几十号街坊排着长队,七嘴八舌地把一肚子苦水全倒了出来。老王手里的钢笔在硬皮卷宗上“沙沙”地走着,笔尖摩擦纸张的声音,成了这屋里唯一的节奏。
许大茂一直靠在生着旺火的铸铁煤炉子边上,双手插在军大衣的兜里,一边烤火,一边拿眼角的余光冷冷地盯着已经被押进审讯室的那几扇铁门。
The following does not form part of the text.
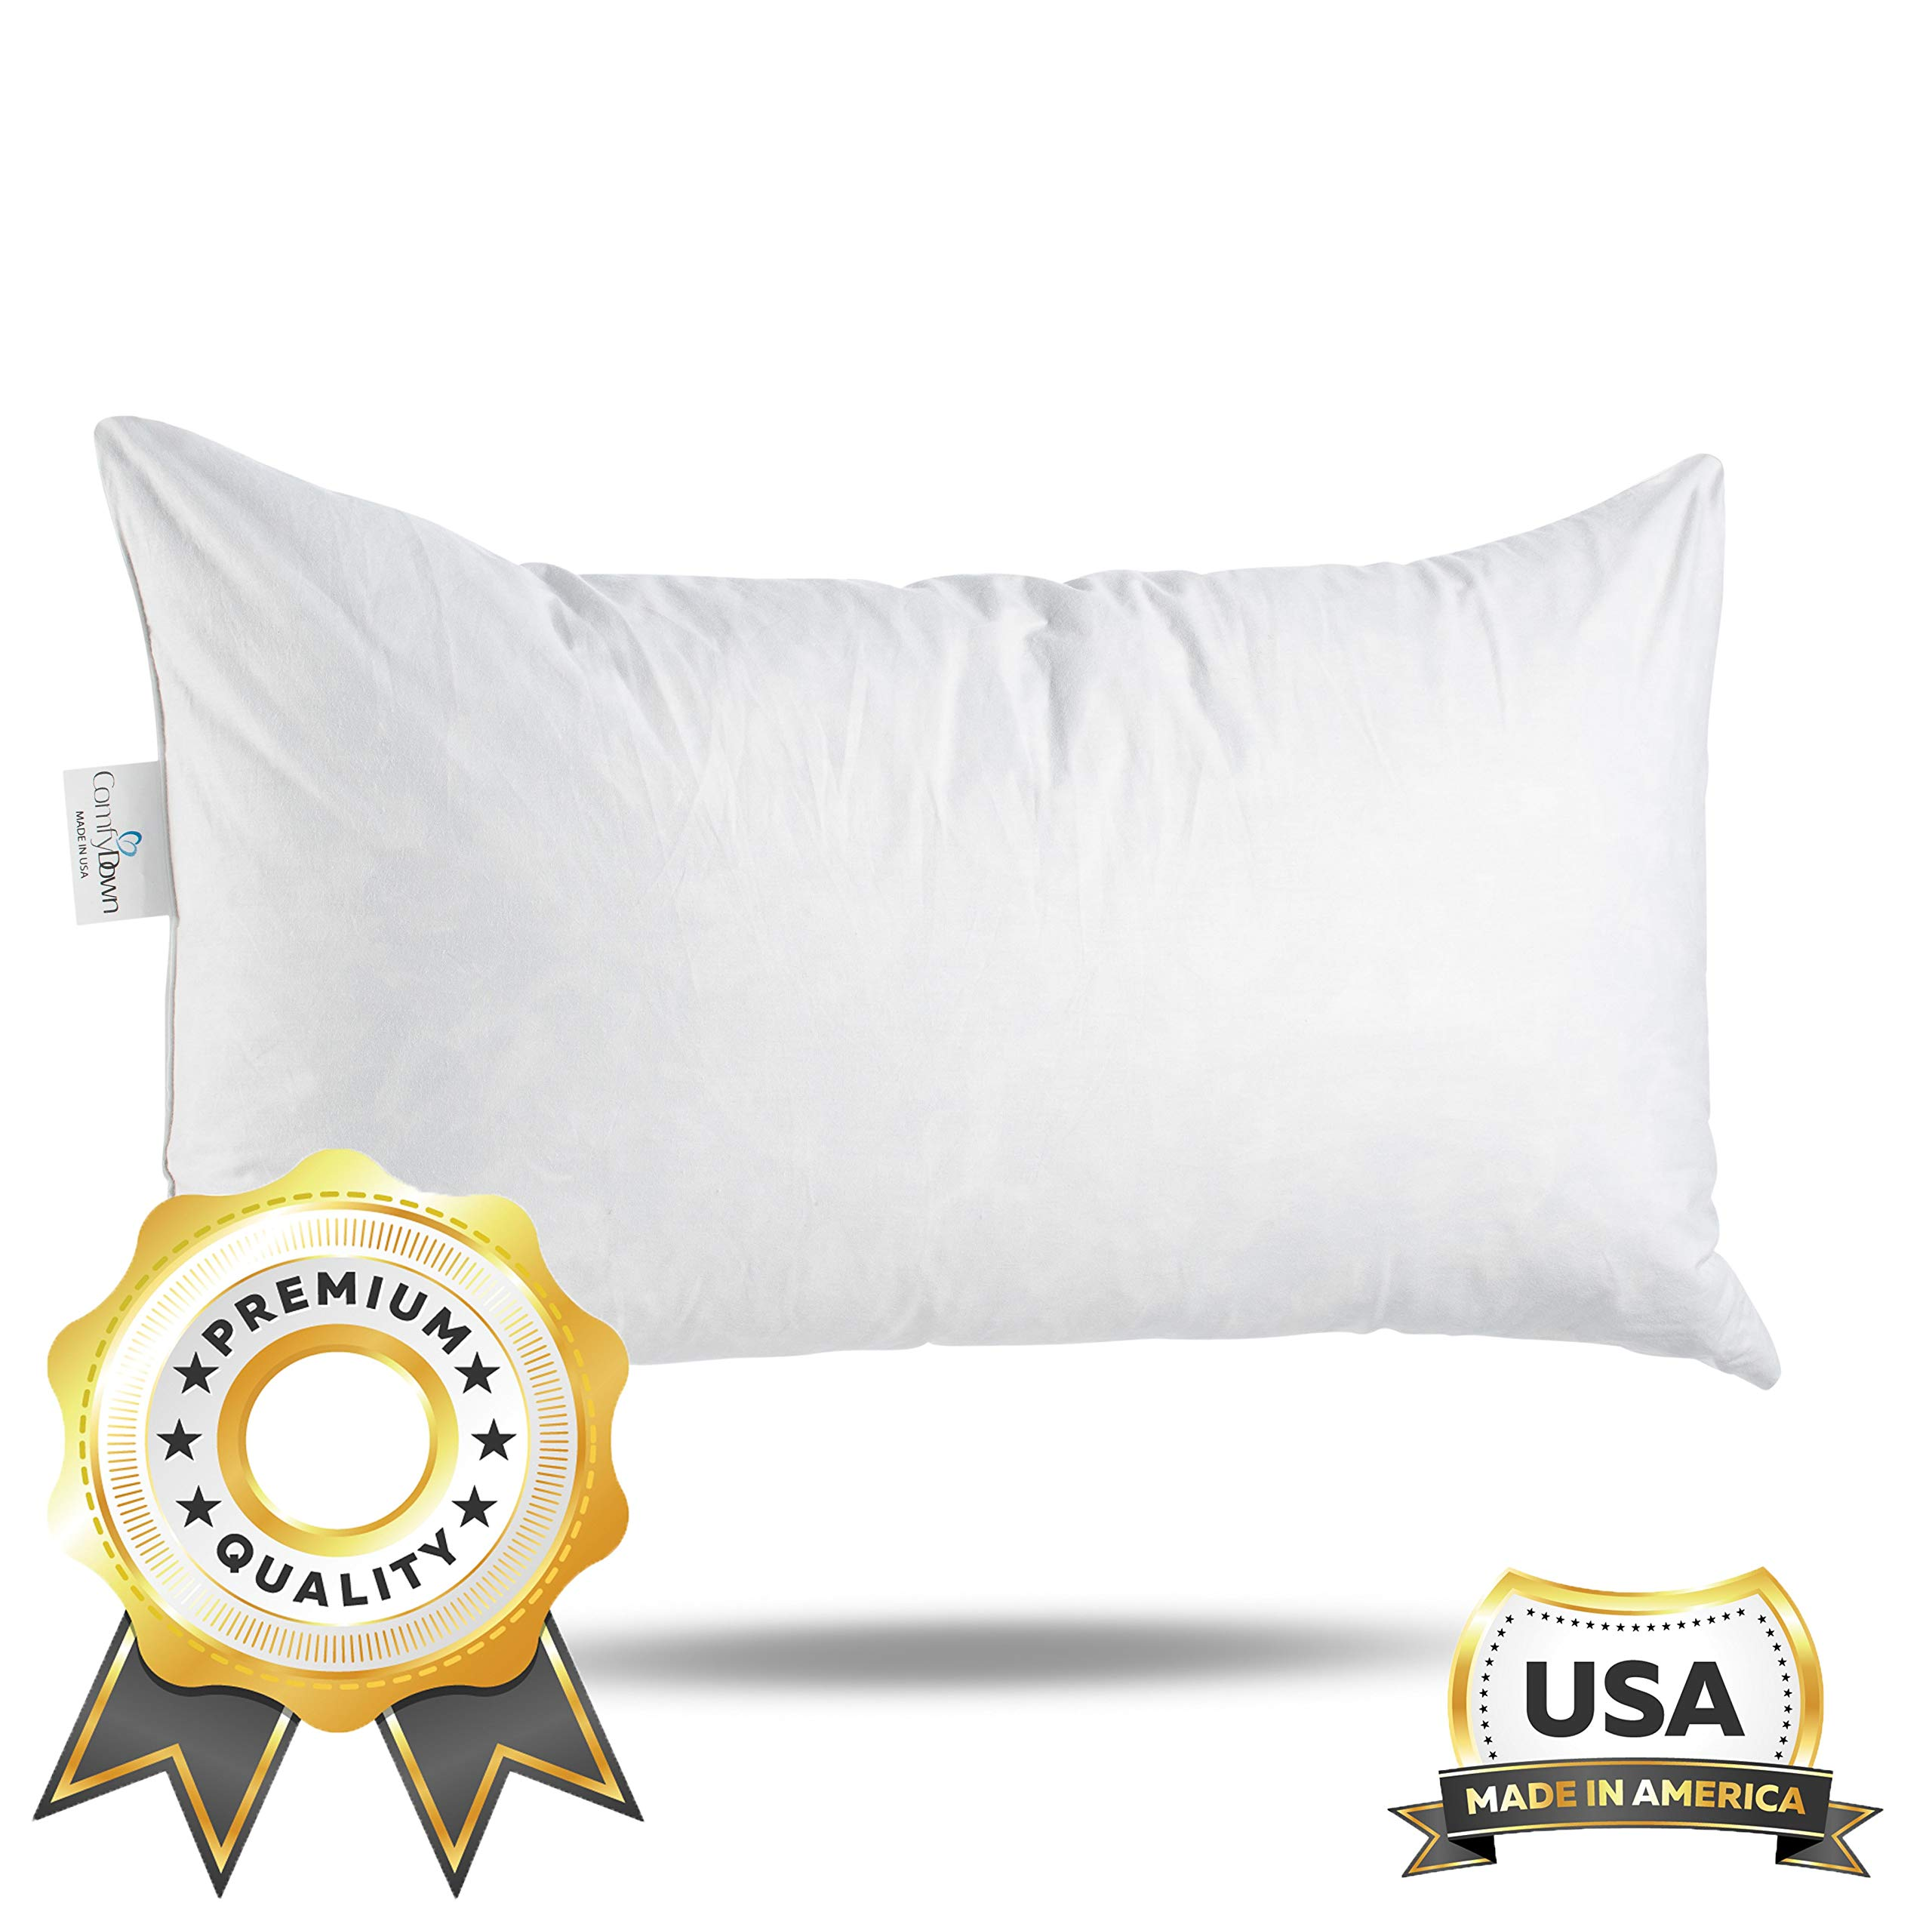 comfydown 95 feather 5 down 12 x 18 rectangle decorative pillow insert sham stuffer made in usa walmart com

他被牵扯进来,除了做苦主指认赃物,还得配合警方做详细的笔录,这就得多浪费不少时间。
但许大茂一点都不觉得烦。相反,他这会儿心里畅快得恨不得当场翻两个跟头。
眼瞅着院里那些大妈大爷们把几分钱、几毛钱的烂账都报得差不多了,许大茂一挑眉毛,大步流星地走到了办公桌前,拉开那张掉漆的木椅子,大马金刀地坐了下来。
“王同志,街坊们那点事儿,顶多算是贪小便宜。”
许大茂把领口的扣子解开,脖子往前一探,两眼放光,嗓门提得老高:
“要论在这红星四合院里,被阎埠贵敲诈勒索得最狠的,那绝对是我许大茂!他那叫明抢!是利用职务之便骑在我头上拉屎!”
老王停下钢笔,甩了甩有些发酸的手腕,抬头看着他:“许大茂,报案讲究实事求是。你被拿了什么,什么时间,说清楚。”
“您记好了!”
许大茂一拍大腿,掰着手指头,如数家珍地倒了起来:
“第一件!五九年秋天!我下乡给红星公社放电影,老乡看我辛苦,送了我两只活的野兔子。我刚推着车进四合院大门,阎埠贵戴着个红袖箍就窜出来了!”
“他拦在门槛上,非说我这野兔子是挖社会主义墙角,是投机倒把,威胁我要去轧钢厂保卫科举报我!我当时年轻怕事,硬生生被他抢走了一只四斤重的大肥兔!这折成市价,少说得两块钱!”
老王眉头紧锁,钢笔在纸上飞快记录:“还有呢?”
“第二件!六零年腊月!”
许大茂越说越来气,唾沫星子乱飞:
“我去乡下放完电影,带回来半麻袋的红薯。阎埠贵美其名曰‘大院过路费’,从我麻袋里挑了三个最大、最匀溜的红薯拿走!那三个红薯加起来得有四斤重!”
“第三件!前年春天,我带回来两瓶正宗的汾酒。他也是打着三大爷的旗号,非说我带违禁品,直接从我网兜里顺走了一瓶!那可是汾酒啊!一块五一瓶还要票!”